Mais on ne pourrait conclure cette chronique sans s’arrêter sur la technicité du musicien. Enfin, la technicité, que dis-je . . . la maestria hors-norme du bonhomme. Commençons par son jeu au pied qui est tout simplement bluffant. Utilisant la technique de l’ankle motion, sa cheville restant en l’air, il peut donc compter sur une flexibilité optimale, contrairement à la technique du flatfoot (pied à plat) plus répandue. L’une des caractéristiques les plus frappantes reste sa dextérité, malgré le fait qu’il puisse paraître maladroit en termes visuels, ce qui renforce d’autant plus le contraste. Une ribambelle technique nous est dévoilée, faite d’anacrouses, de roulements à une ou deux mains, d’overlapping, c’est-à-dire de superpositions de rythmes différents (main gauche et main droite), mais aussi d’omniprésence de fills (remplissages pendant les blancs) qui ne donnent pas une impression de surcharge, bien au contraire. Sponsorisé par DW Drums, son kit de batterie n’est pas extravagant, mais suffisamment complet pour exécuter son art comme il se doit, sans tomber dans les batteries mirobolantes auxquelles ont pu nous habituer certains batteurs (qui a parlé de Jordison et Portnoy ?). Il est à noter qu’il possède un certain appétit pour les cymbales chinoises (trois en l'occurrence). Pour finir, il serait injuste de ne pas mentionner ses deux collègues qui l’assistent lors de ses vidéos, en la personne de James Kennedy (OAA) à la guitare, et Dan McNally à la basse. Merci à eux pour ces riffs à la Frontierer et Car Bomb lors des trois missiles que sont "Mak Mahomak", "Impulse" et "Initial C".


Pour une première sortie, qui plus est, indépendante, Chris Turner envoie déjà du lourd.

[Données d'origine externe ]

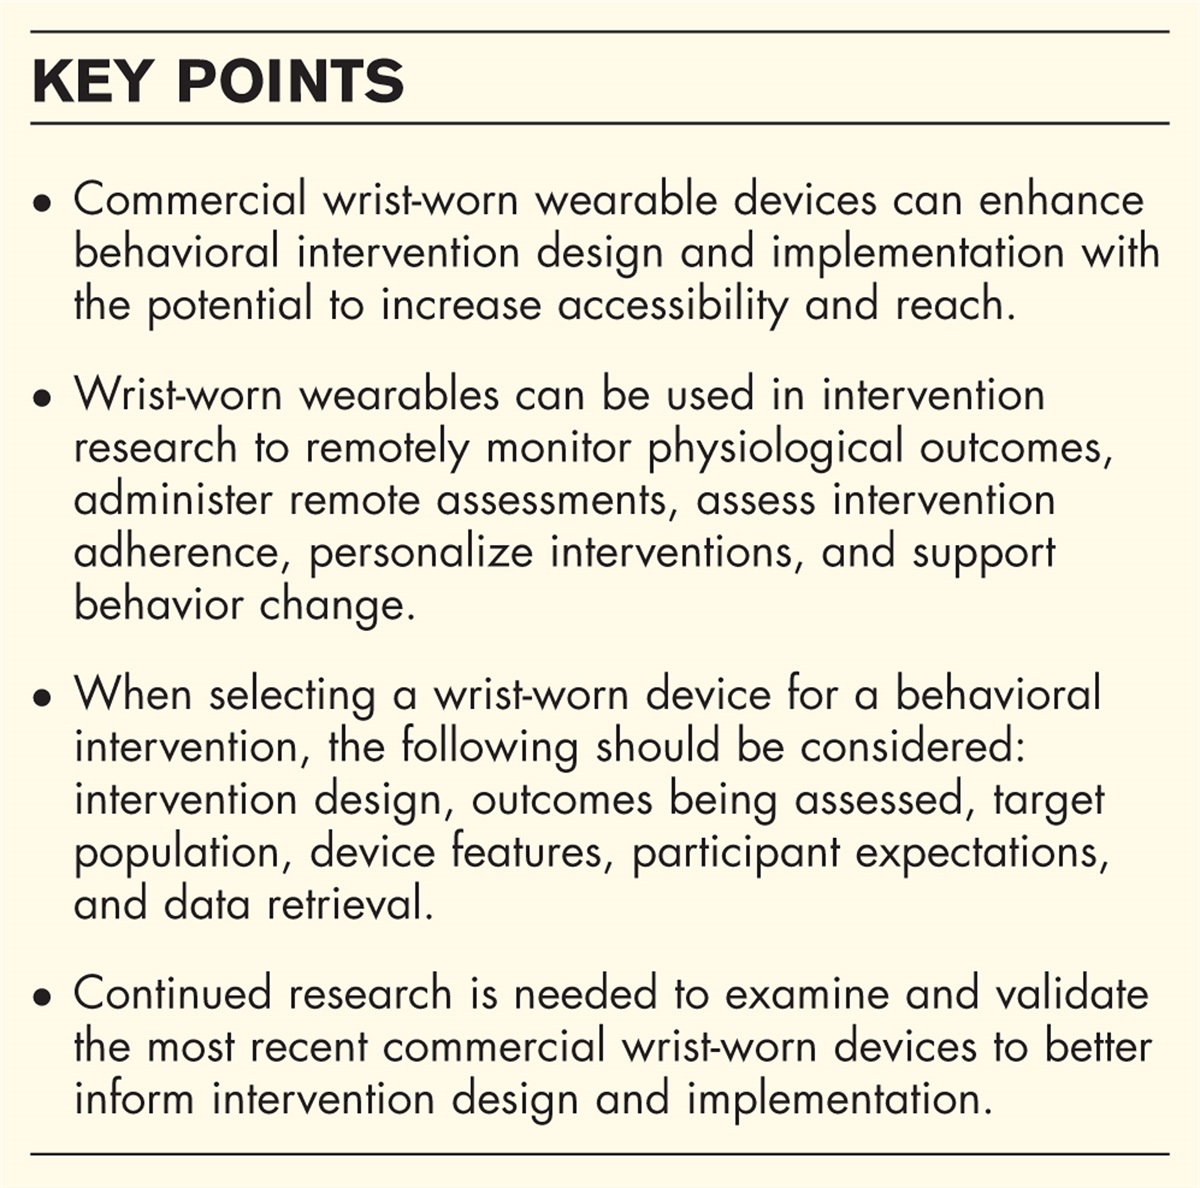 The use of commercial wrist-worn technology to track physiological outcomes in behavioral interventions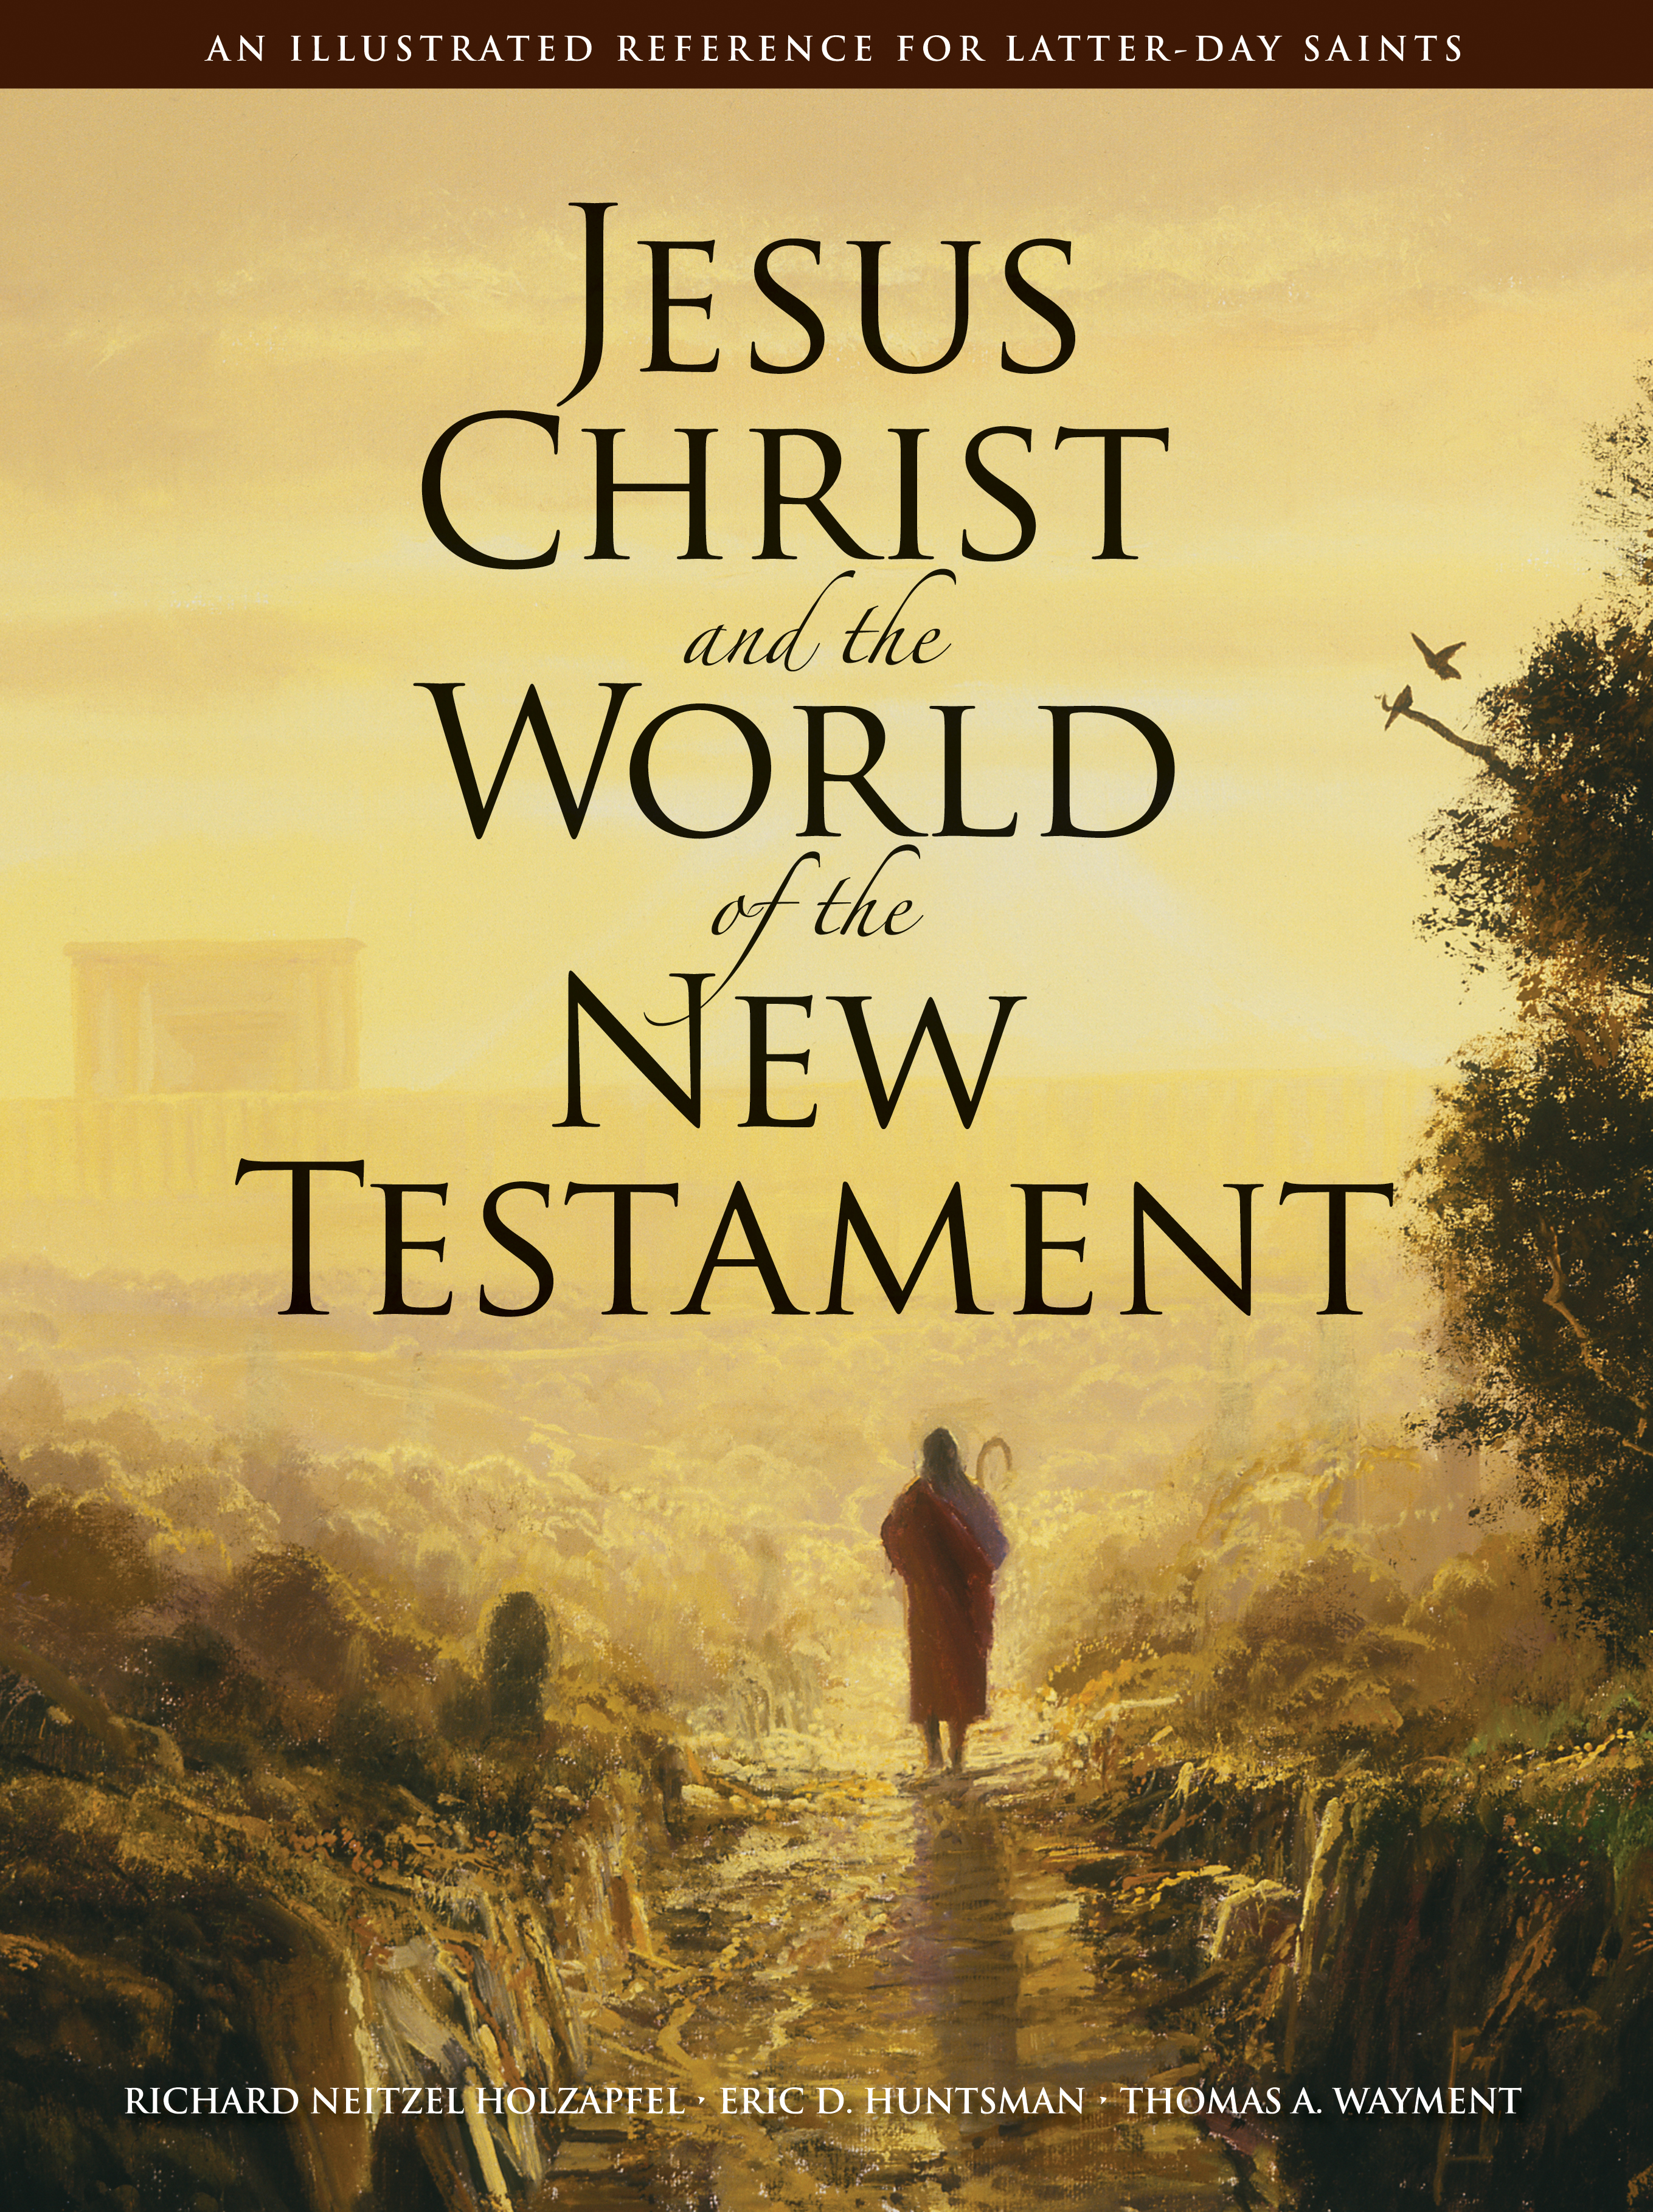 Jesus Christ and the WOrld of the New Testament

Aucune piste ne traîne trop en longueur et on aurait même tendance à être frustré par une certaine fugacité sur quelques passages qui mériteraient d’être étirés. On pourra également attendre de lui qu’il délaisse le côté « core » pour le côté « prog » à l’avenir, mais il sera impossible de ne pas être fasciné par cet animal qui se sera, sans aucun doute, fait un gros kif.